В сентябре 1978 года, направляясь в Баку, Брежнев, сопровождаемый Черненко, сделал остановку на железнодорожной станции Минеральные Воды. Их встречали Андропов и Горбачев. Это была историческая встреча. На северокавказской железнодорожной станции сошлись четыре генсека — действующий и все будущие. Вопрос о переводе Горбачева в Москву был практически предрешен. В своих мемуарах Михаил Сергеевич лирически описывает эту встречу — и горы, и звезды, и теплую звездную ночь и прочее.
«Об этой встрече много потом писали, и вокруг нее изрядно нагромождено всяких домыслов… Пленум ЦК КПСС открылся в 10 часов… Начали с организационных вопросов. Первым Брежнев предложил избрать секретаря ЦК по сельскому хозяйству. Назвал мою фамилию, сказал обо мне несколько слов. Я встал. Вопросов не было. Проголосовали единогласно, спокойно, без эмоций… Когда пленум завершил работу, вернулся в гостиницу. Меня ждали: «В вашем распоряжении ЗИЛ, телефон ВЧ уже поставлен в номер. У вас будет дежурить офицер — все поручения через него…» Я воочию убедился в том, как четко работают службы КГБ и Управление делами ЦК КПСС».
Да, службы КГБ работали четко и для «человека из народа», и с самим народом. Знаю это по себе. Как только меня избрали в ПБ, домой меня увезла уже другая машина вместе с охраной, но как только Горбачев принял мою отставку, машину отобрали сразу же, а освободить дачу велели к 11 часам утра следующего дня.
Размышляя о фигуре Андропова, хочу затронуть и проблему, которая особенно болезненна для меня, проблему национализма.

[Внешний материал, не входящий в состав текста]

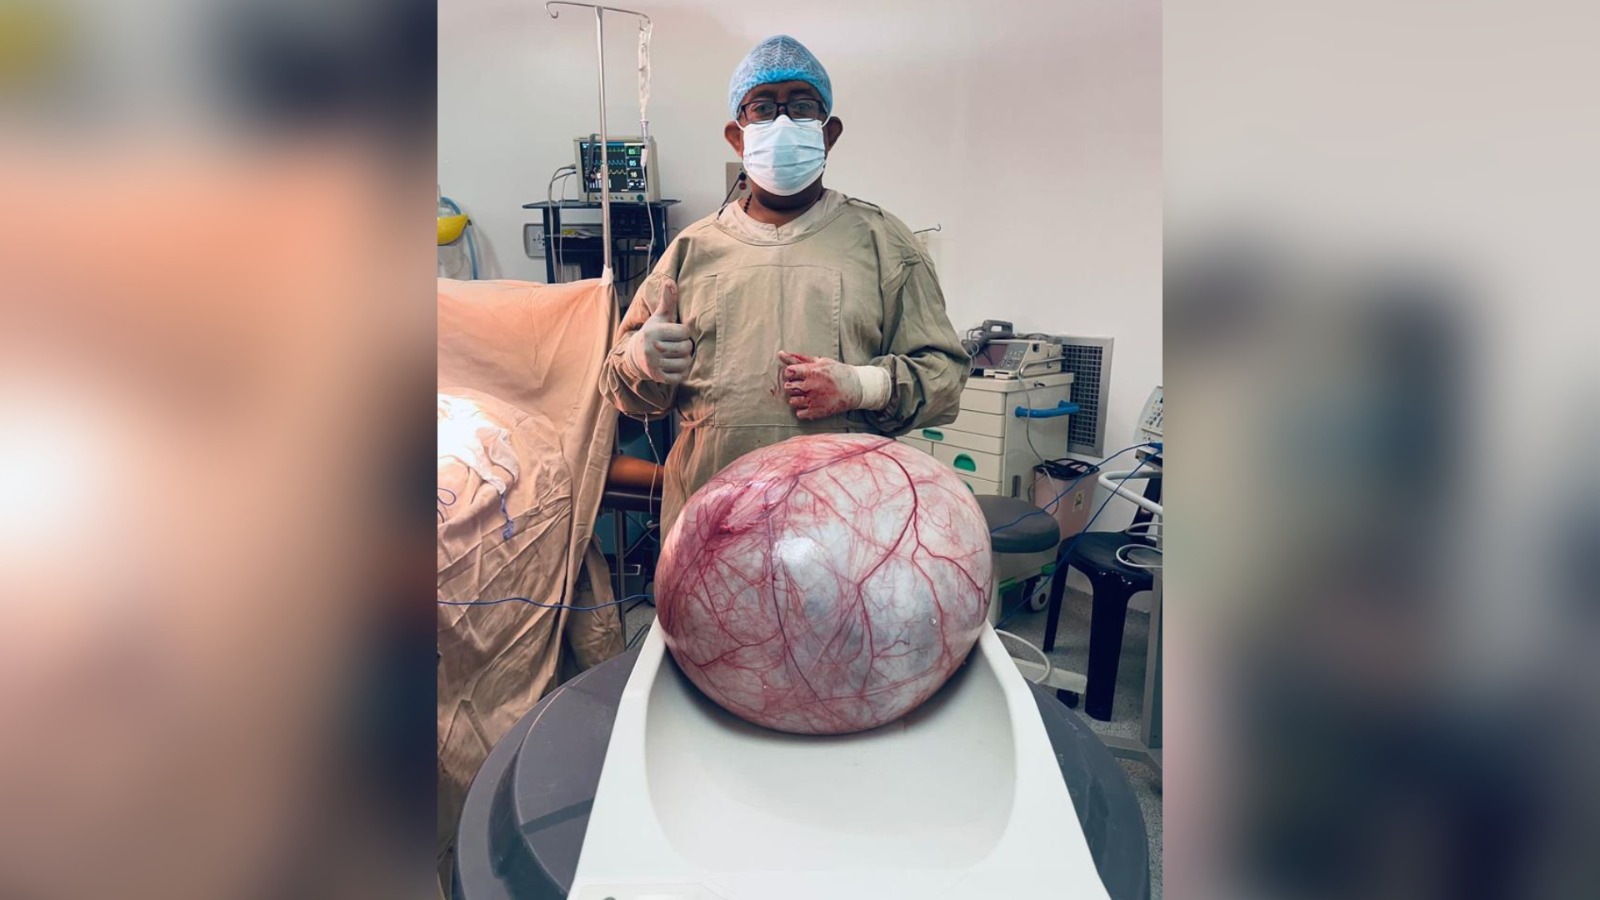 Impresionante, le extirpan tumor de 12 kilogramos a una mujer wayuu

Время от времени мы, в отделе пропаганды, собирали письма о местном национализме и направляли их руководству партии. Равно как и сигналы о шовинистических действиях и высокомерном поведении русских чиновников в национальных республиках. У меня сложилось впечатление, что Андропов видел опасность великодержавного шовинизма и местного национализма. В то же время проблема национализма ловко использовалась КГБ на международной арене. Например, в афганской авантюре. Андропов пугал Политбюро тем, что США намерены перебазироваться из Ирана в Афганистан. В этом случае перевооруженная афганская армия тут же начнет провокации на наших границах, используя националистические настроения и мусульманский фактор в южных регионах Советского Союза. «Последствия такого поворота трудно себе представить», — писал Андропов. Республики Средней Азии и Азербайджан удержать в составе СССР будет невозможно. Андропов утверждал, что необходимо срочное противодействие американским планам проникновения в Афганистан. Срочно распространили версию, что Амин — агент ЦРУ, завербованный путем шантажа из-за своих гомосексуальных наклонностей. Постоянным куратором афганской авантюры оказался Крючков. Он регулярно ездил туда, включая и горбачевское время, всячески затягивал агонию войны, докладывая руководству страны «об успехах» кабульских марионеток в борьбе с американскими «наймитами».
Война в Афганистане позволила Андропову начать новый виток политических преследований. Андрея Сахарова насильственно высылают в закрытый для иностранцев Горький. Прокатилась волна арестов, таинственных убийств. Закрутилось дело «семьи Брежнева», прежде всего связанное с дочерью Галиной. Нет нужды объяснять, чей приказ выполняли чекисты. А еще совсем недавно Андропов распространял другую версию. Однажды, еще будучи послом в Канаде, я во время отпуска попросился на прием к нему — согласовать смену его работников. Кадровые вопросы были решены быстро. Вдруг он вспомнил мою статью «Против антиисторизма», из-за которой я был отправлен в Канаду. Юрий Владимирович сообщил, что КГБ арестовал одного из журналистов, проповедующего шовинизм и антисемитизм. Я критиковал его в своей статье. Напоминание о статье звучало как ее поддержка. В свою очередь я затронул проблему общественных наук, творческое начало которых задавлено догматизмом. Упомянул, что наиболее активным охранителем воинствующего догматизма является Сергей Трапезников — заведующий отделом науки ЦК. Андропов слушал меня сочувственно, имя этого чиновника было у всех на слуху, но промолчал. Трапезников был близок к Брежневу. Саму тему об общественных науках я затронул по подсказке моих друзей — академиков Арбатова и Иноземцева, учитывал также, что в то время Андропов числился «прогрессистом».